- **Exercise prompt**
The line that contains "verhaal Fluisteren Proportioneel" marks the start. Please set it down, with every later line of the data, exactly and without pictures.

- **Dataset section**
━━━━━━━━━━

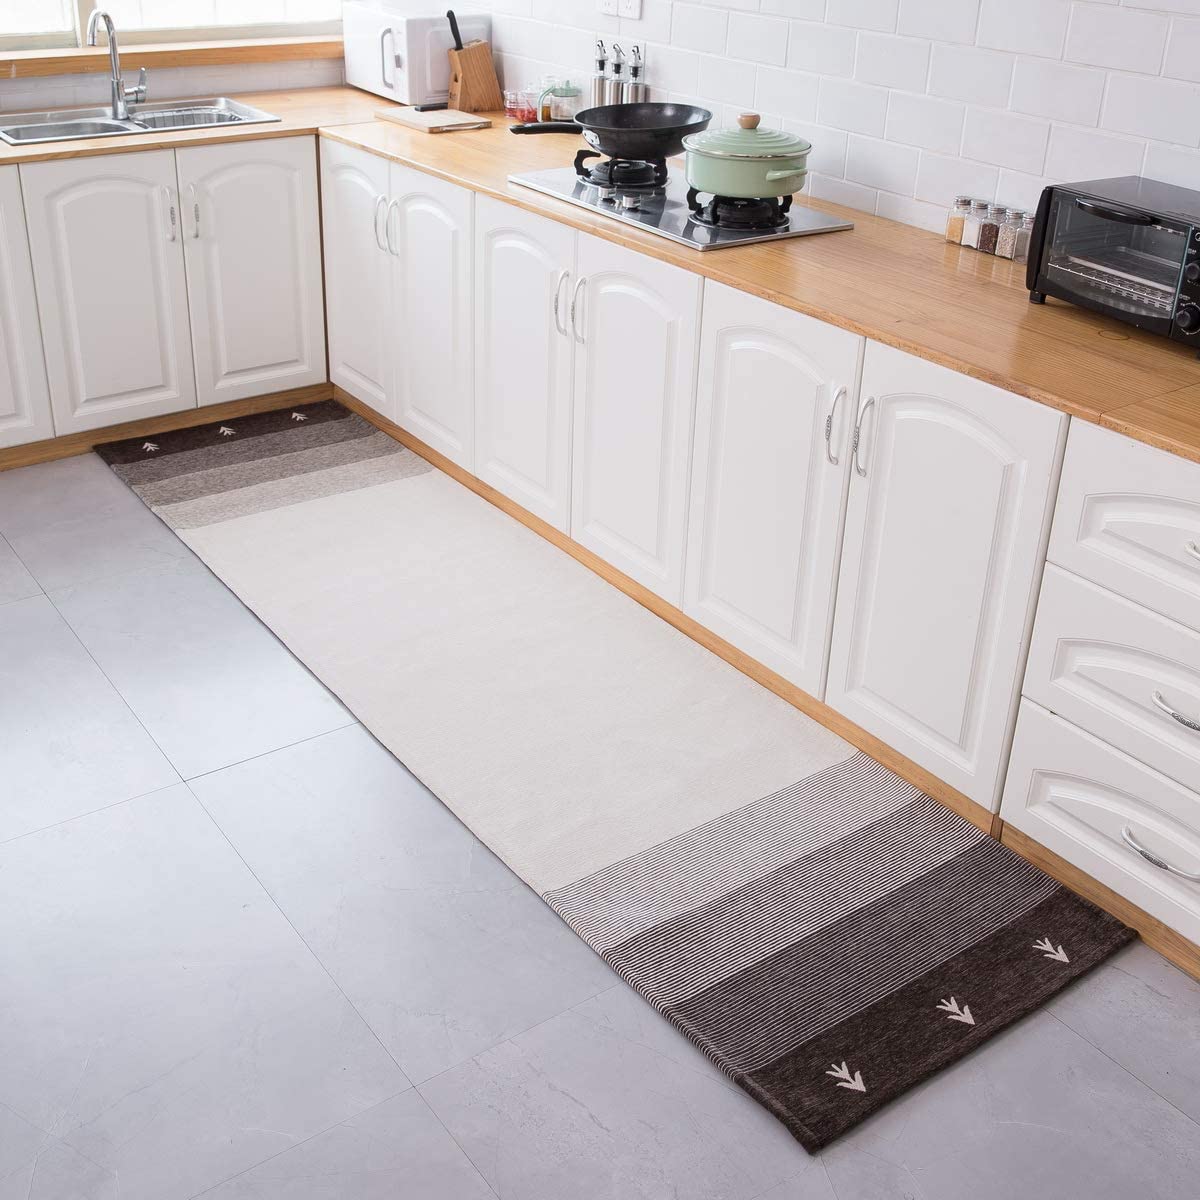 grey kitchen rug
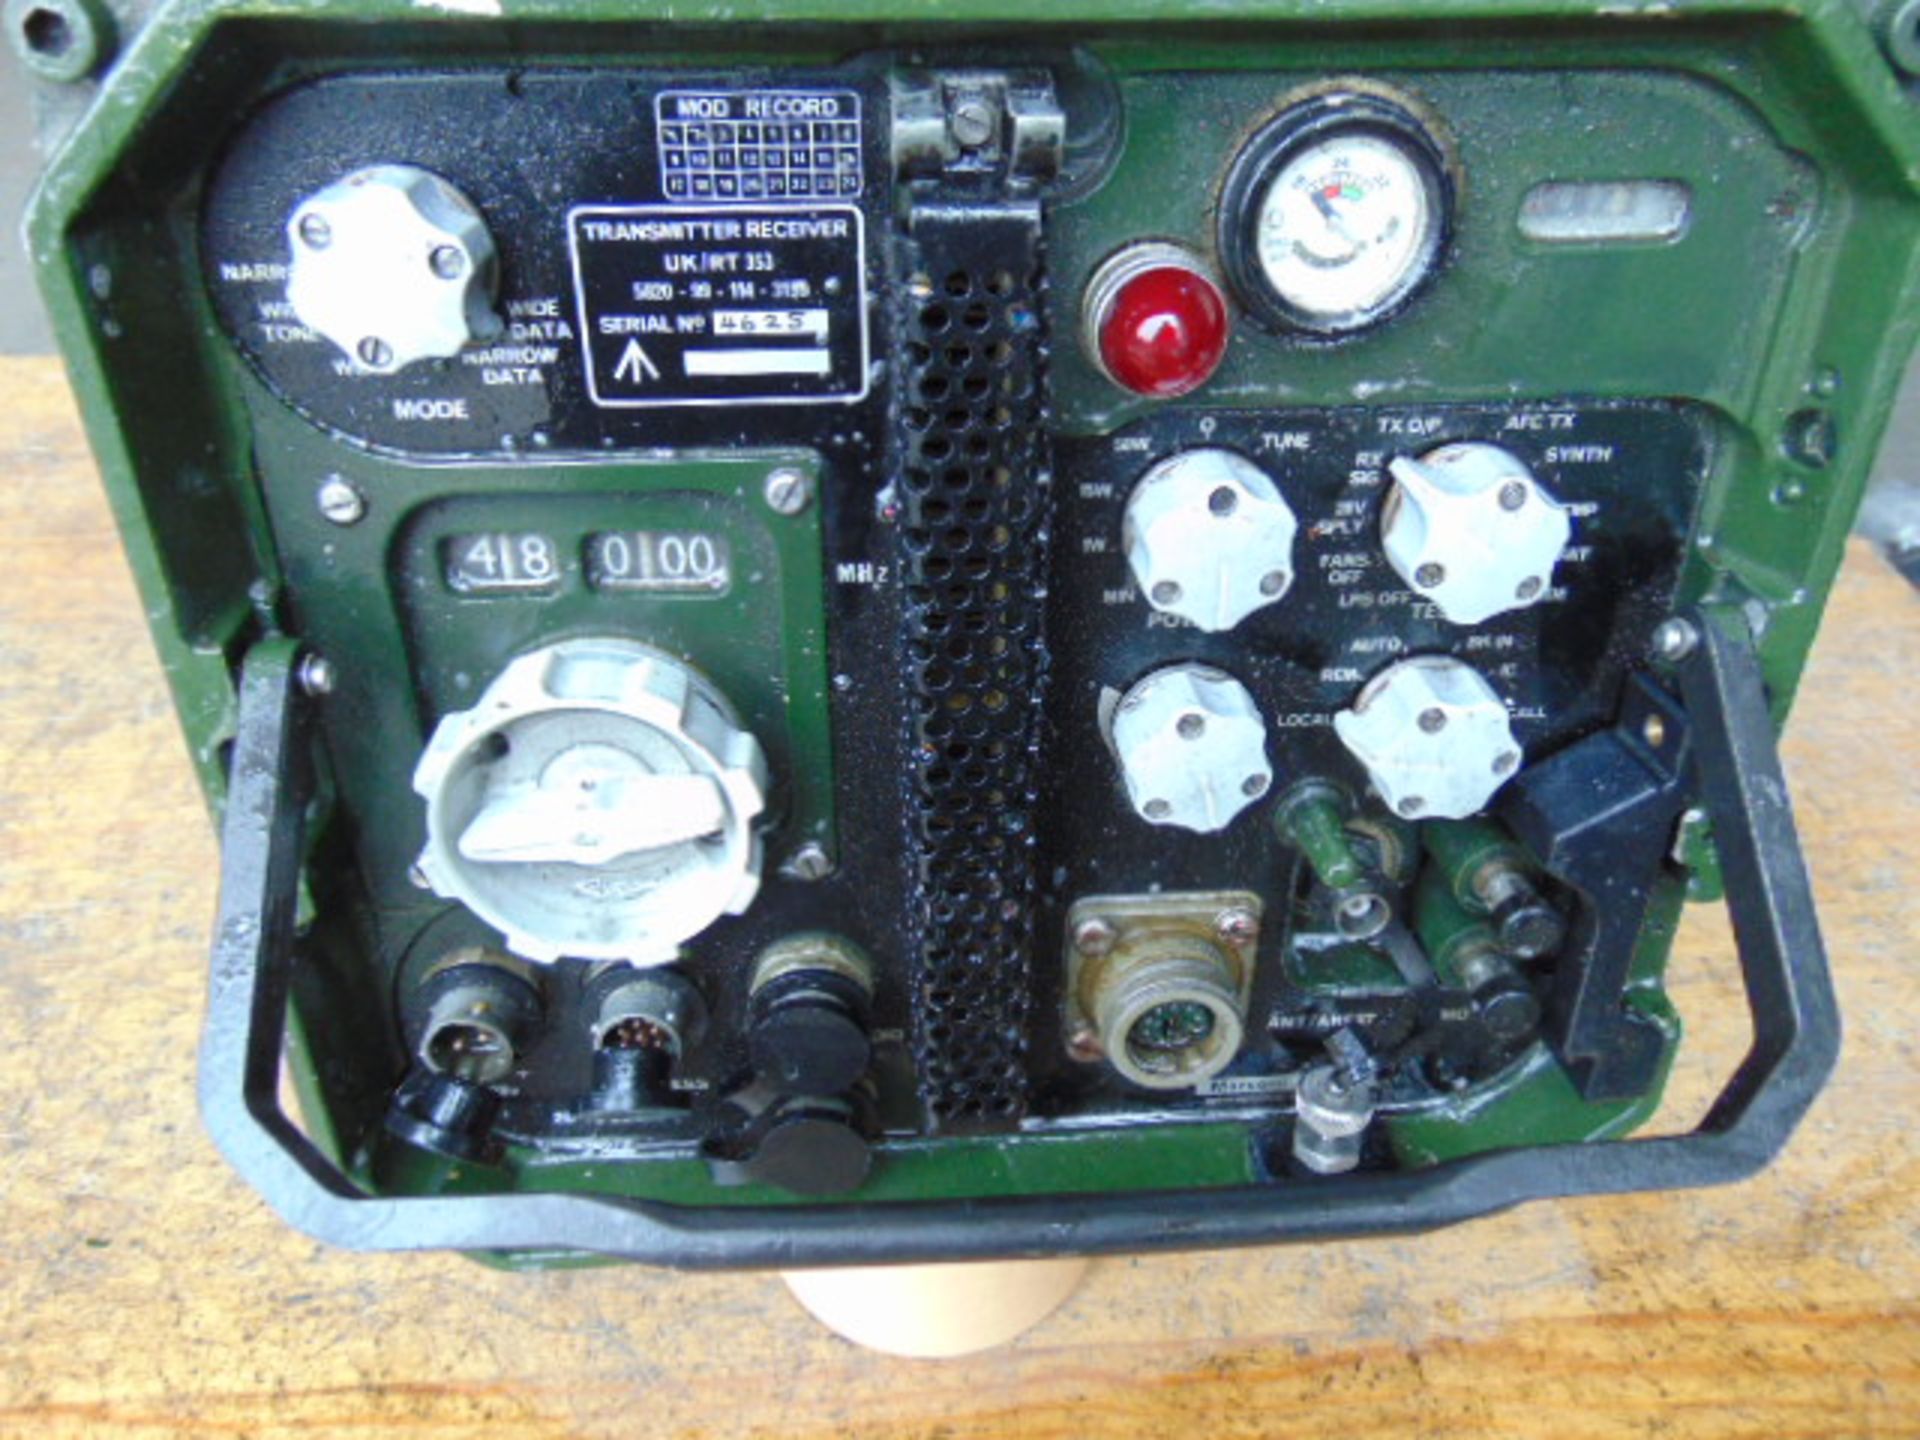 Clansman Transmitter Receiver UK/RT 353 - Bild 2 aus 6
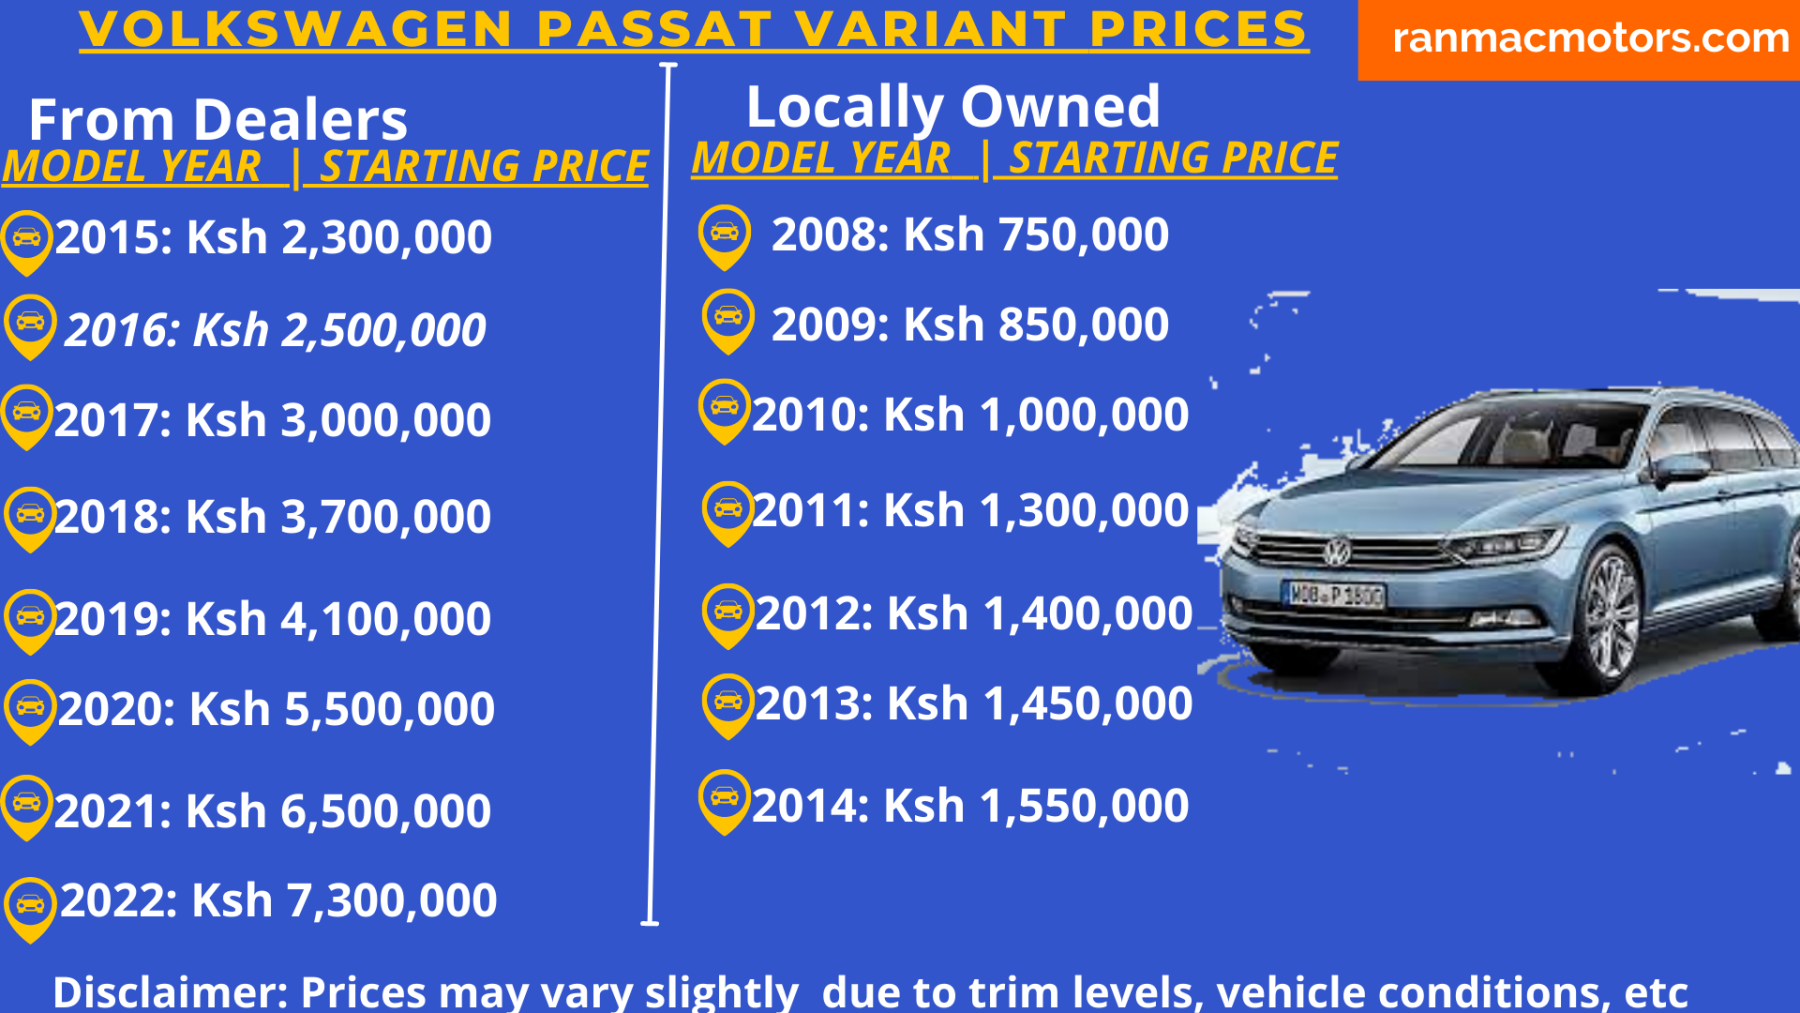 verhaal Fluisteren Proportioneel Price of Volkswagen Passat Variant in Kenya, Specs, Review - RanMac Motors
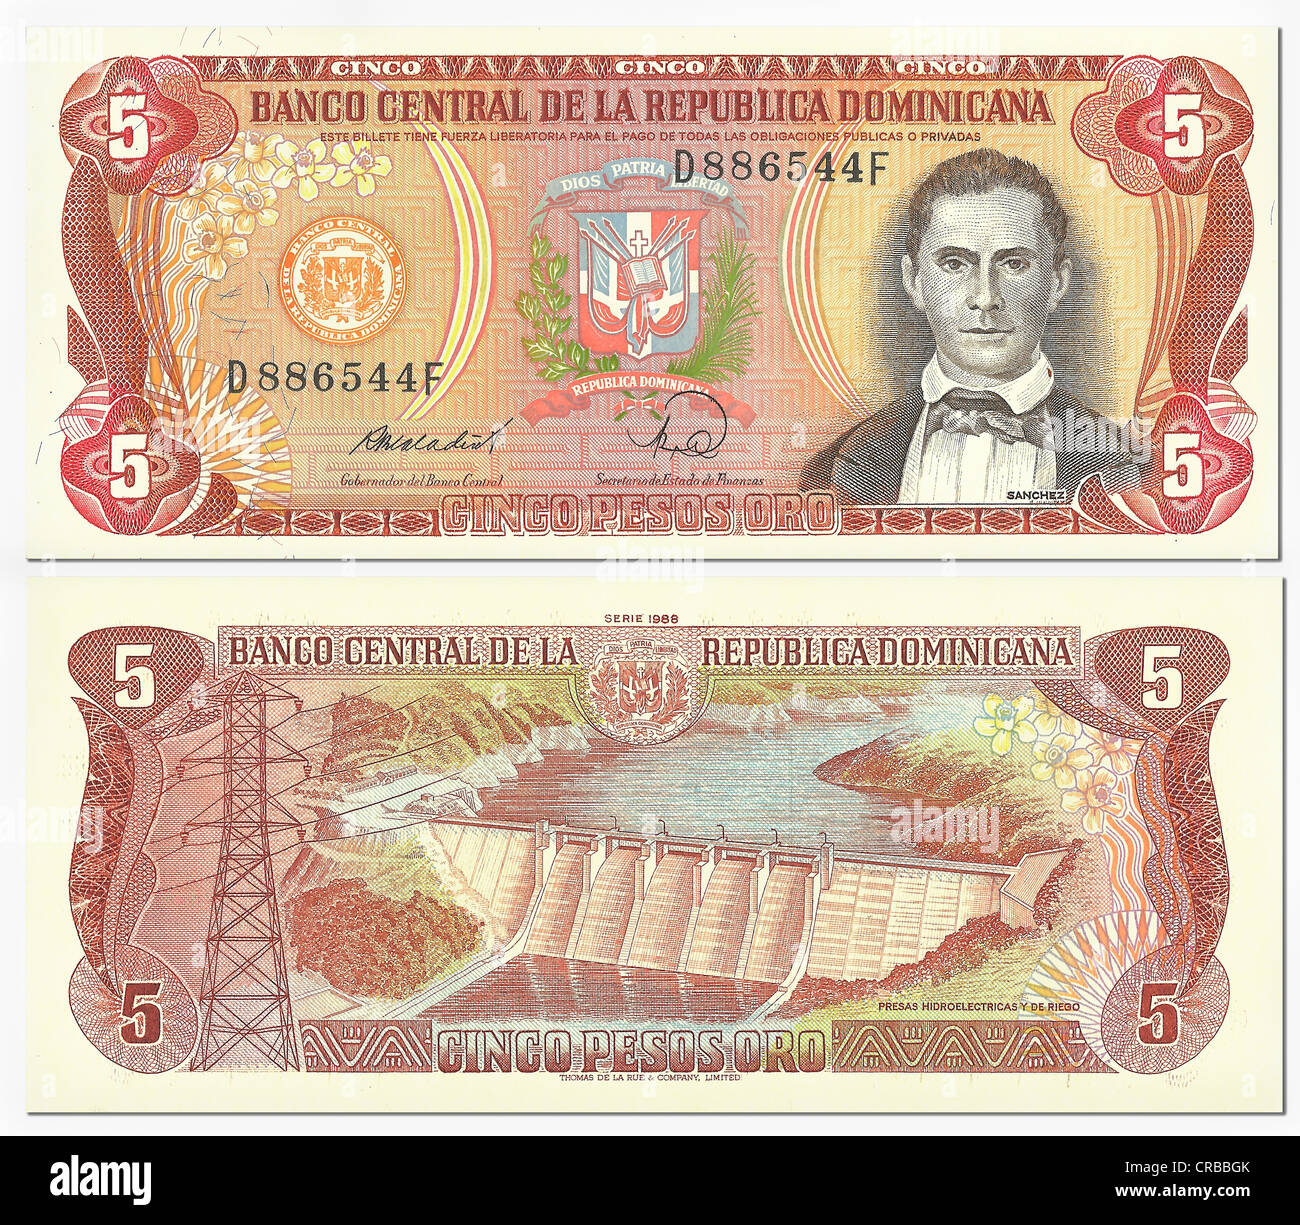 Banconota storico, anteriore e posteriore, 5 pesos oro, Repubblica Dominicana, Banco Central Republica Dominicana Foto Stock

━━━━━━━━━━

- **Result for this exercise**
 verhaal Fluisteren Proportioneel Price of Volkswagen Passat Variant in Kenya, Specs, Review - RanMac Motors
 Banconota storico, anteriore e posteriore, 5 pesos oro, Repubblica Dominicana, Banco Central Republica Dominicana Foto Stock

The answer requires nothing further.